In Python, I was attempting to dive into the GPy library for estimating Gaussian Process models, when I encountered a stumbling block early on with simple plotting.
For my data, I generated a simple sine wave with a squared growth rate added in midway, and GPy successfully estimated the initial model.
Data generation:
## Generating data for regression
# First, regular sine wave + normal noise
x = np.linspace(0,40, num=300)
noise1 = np.random.normal(0,0.3,300)
y = np.sin(x) + noise1
# Second, an upward trending starting midway, with its own noise as well
temp = x[150:]
noise2 = 0.004*temp**2 + np.random.normal(0,0.1,150)
y[150:] = y[150:] + noise2
plt.plot(x, y)
Initial model:
## Pre-processing
X = np.expand_dims(x, axis=1)
Y = np.expand_dims(y, axis=1)
## Model
kernel = GPy.kern.RBF(input_dim=1, variance=1., lengthscale=1.)
model1 = GPy.models.GPRegression(X, Y, kernel)
## Plotting
fig = model1.plot()
GPy.plotting.show(fig, filename='basic_gp_regression_notebook')

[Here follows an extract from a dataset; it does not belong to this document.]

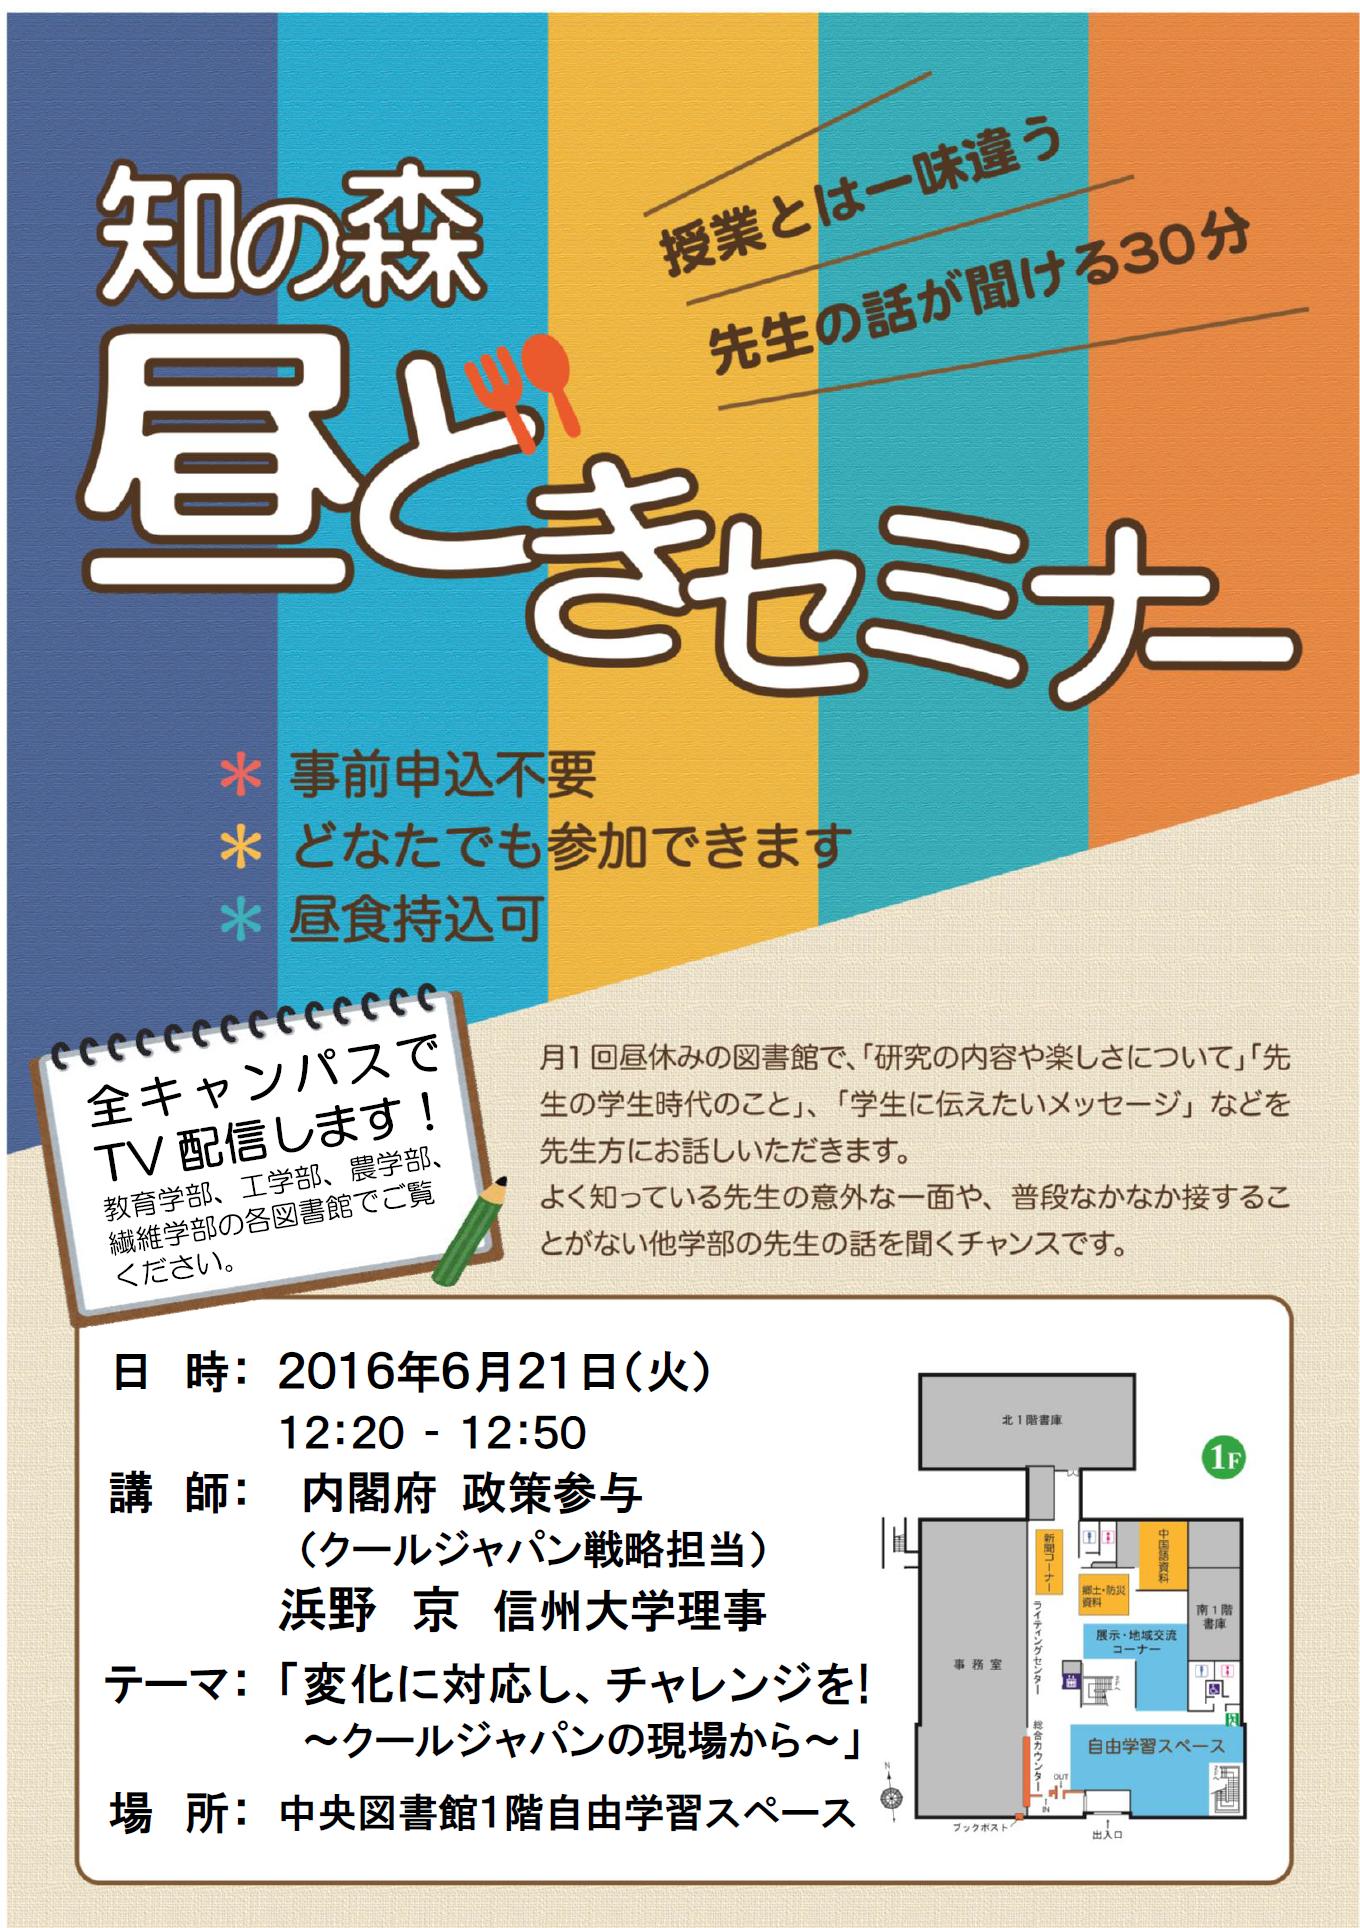 http://www.shinshu-u.ac.jp/institution/library/matsumoto/uploadimg/385f142b505d832f085e8f5619e0f26b.png

However, this model is mis-specified, since the data was only created using sin(X) and X^2, and not just X, so I create the next model:
X_all = np.hstack((np.sin(X), np.square(X)))
model2 = GPy.models.GPRegression(X_all, Y, kernel)
fig = model2.plot()
GPy.plotting.show(fig, filename='basic_correct_gp_regression_notebook')
However, now, I am getting plotting errors,
Invalid value of type 'builtins.str' received for the 'size' property of scatter.marker Received value: '5'
I assume this is because the plot does not know to use "X" as the x-axis, having been supplied only sin(X) and X^2.
How could I fix this?